Graph Database Fraud Detection with Deep Link Analytics
Graph fraud detection excels in scenarios like healthcare fraud related to opioid addiction treatment centers. Take this graph database fraud detection example: A provider is prescribing a large number of patients to one specific opioid or drug addiction treatment center. Traditional fraud solutions can’t find anything unusual based on the information available for the doctor as well as the treatment center.
TigerGraph’s graph analytics fraud detection capabilities tap into the enterprise knowledge graph from a third-party source — such as Thomson Reuters or Dunn & Bradstreet — to find all known administrators for the drug treatment center and their current and previous addresses listed in the public domain.

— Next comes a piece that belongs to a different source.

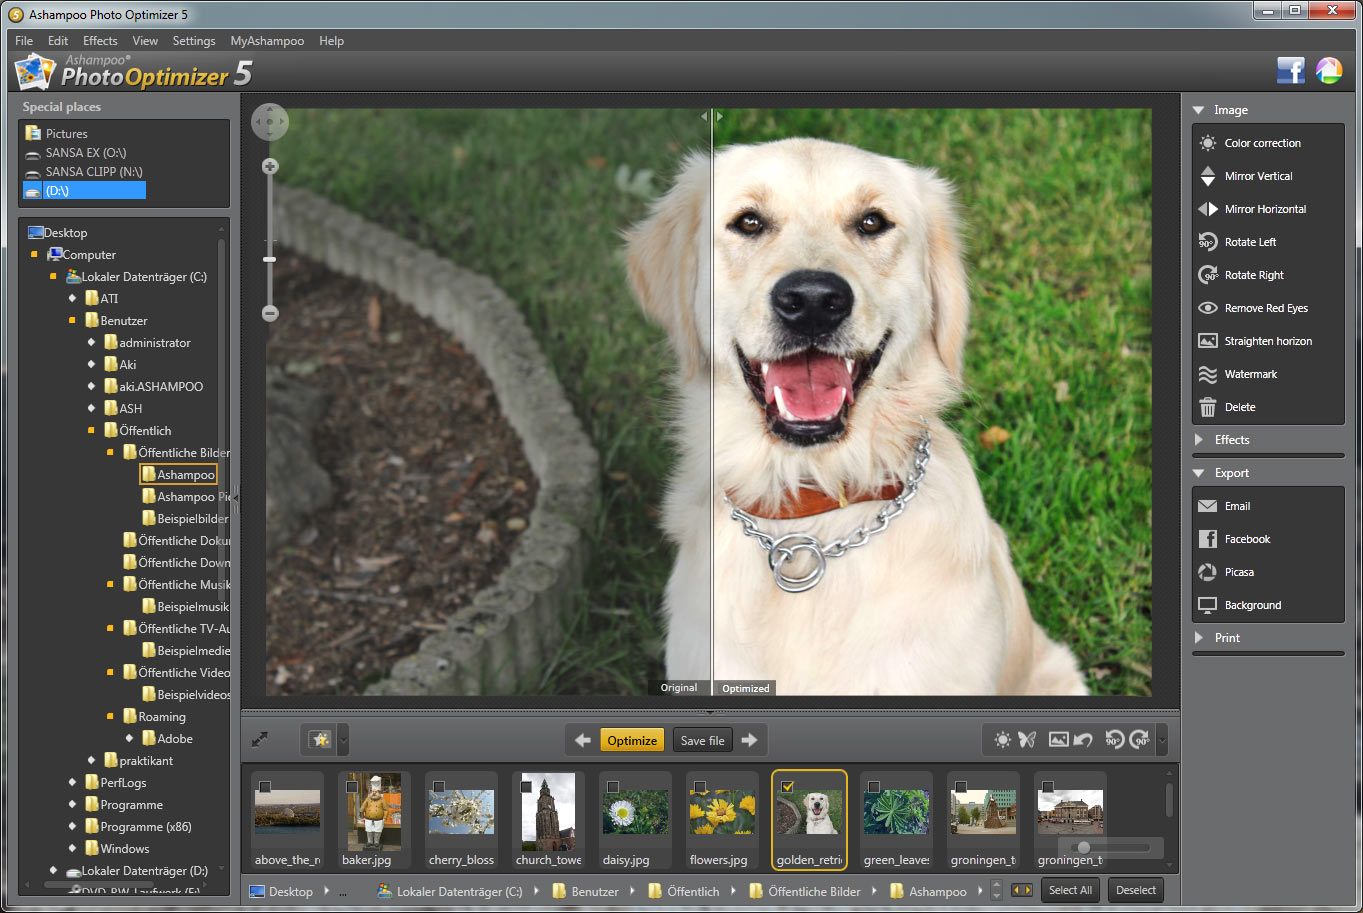 Ashampoo Photo Optimizer 5 – 图片优化软件丨反斗限免

One of the previous addresses for the administrator is very close to the address for the physician prescribing patients to the drug treatment center.

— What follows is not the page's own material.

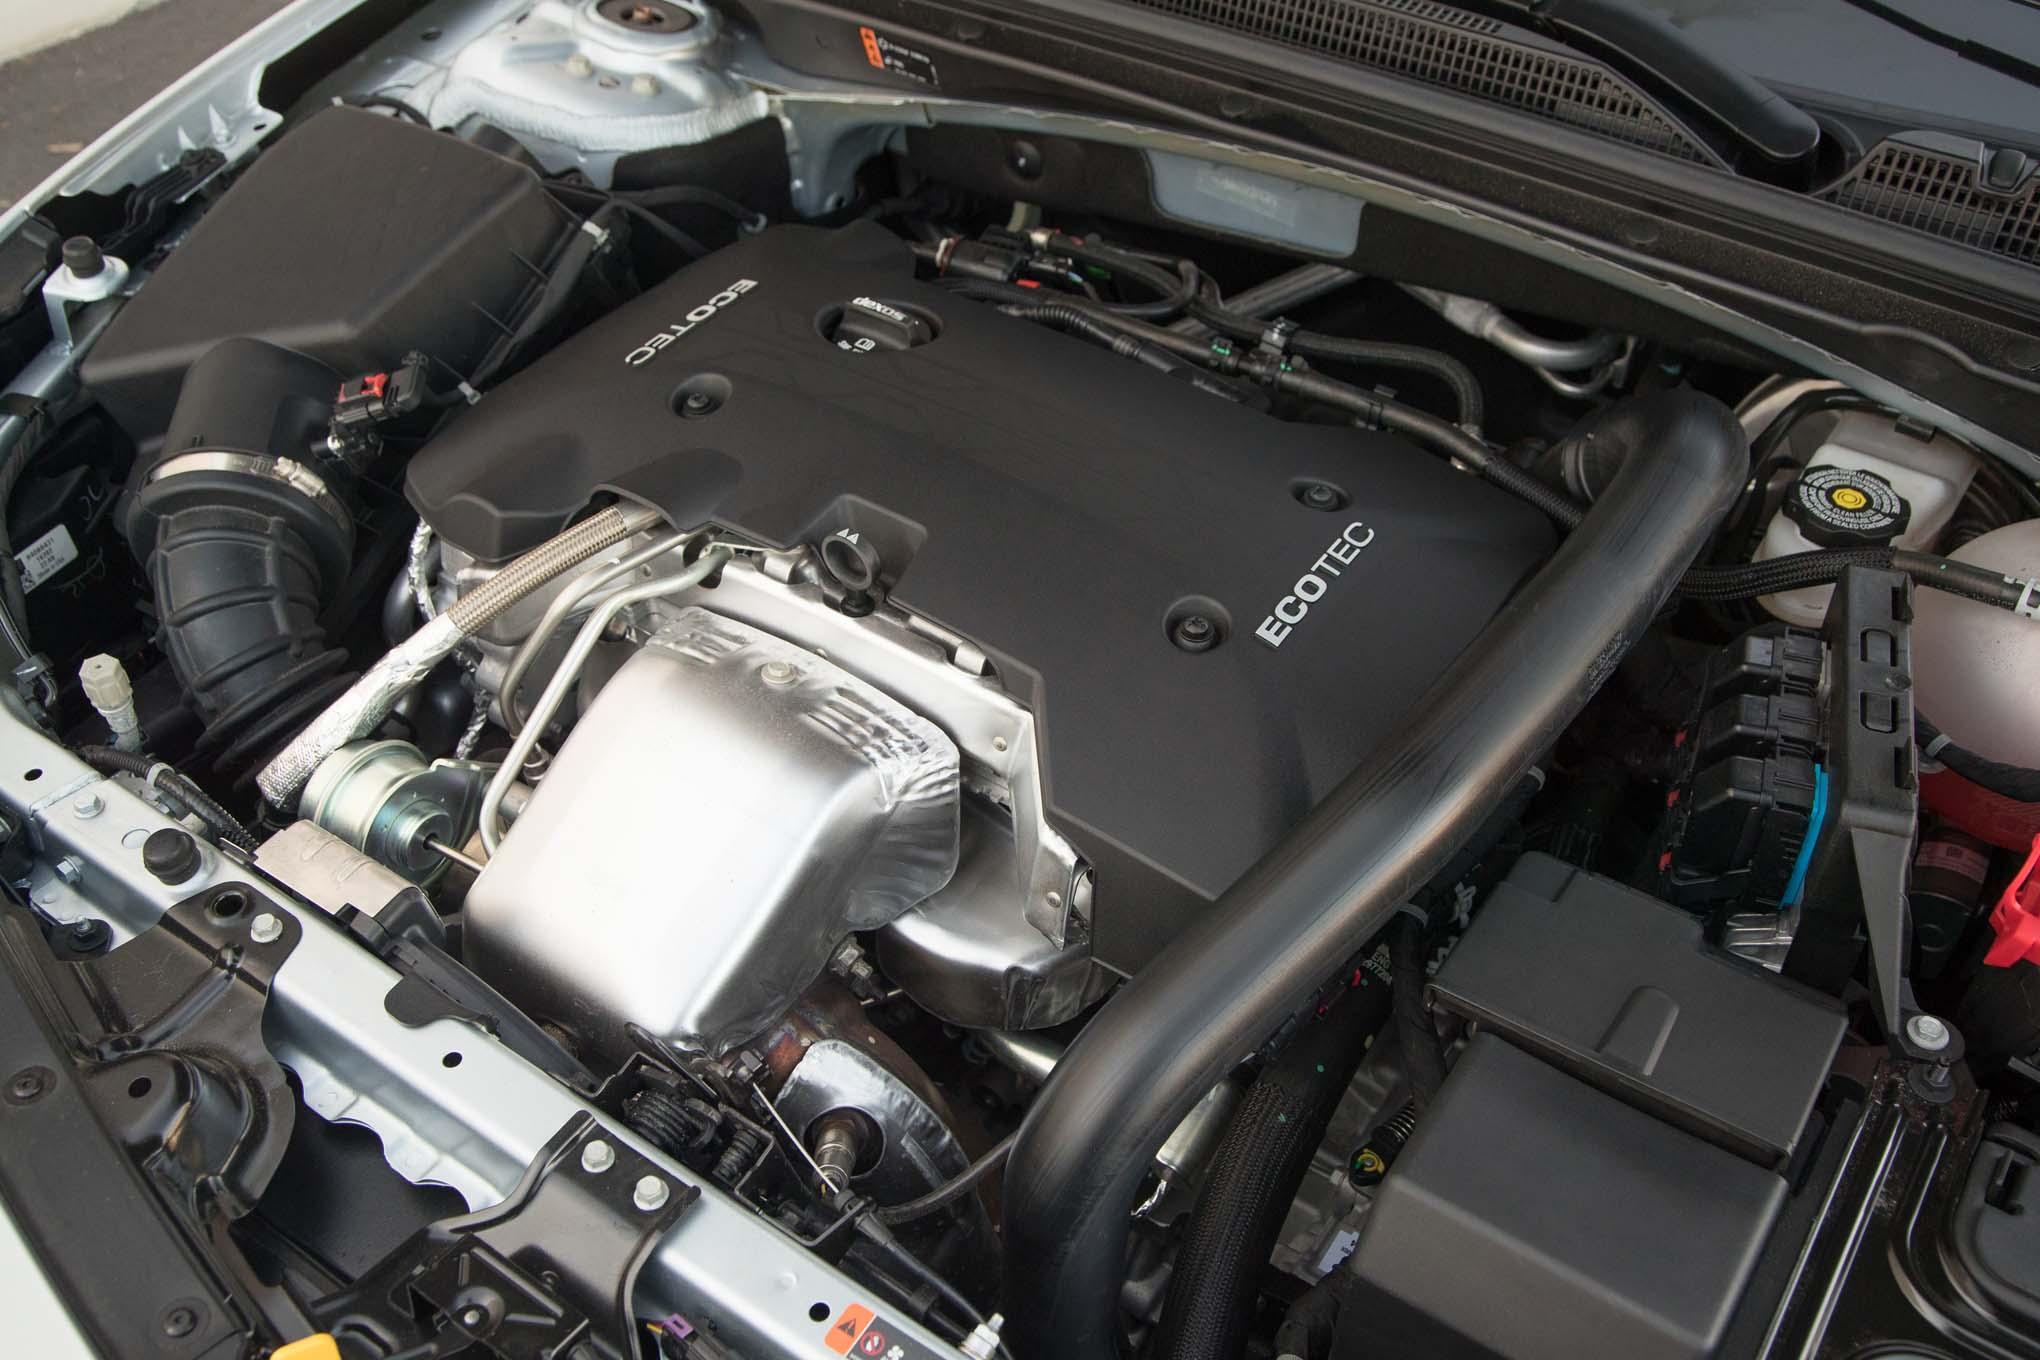 2017 Chevrolet Malibu 20T Premier engine - Motor Trend en ...

In order to detect this hidden relationship between the doctor and the administrator, TigerGraph executes a query that goes eight hops across claims for patient visits and opioid treatment center claims by the same patients. Combining that with the third-party knowledge repository data such as addresses and phone numbers reveals the collusion. Traditional fraud solutions built on relational databases struggle to incorporate new data sources from third parties due to rigid schema and require computationally intensive database joins, rendering deep link analysis infeasible. This is where a fraud detection graph database provides clear advantages.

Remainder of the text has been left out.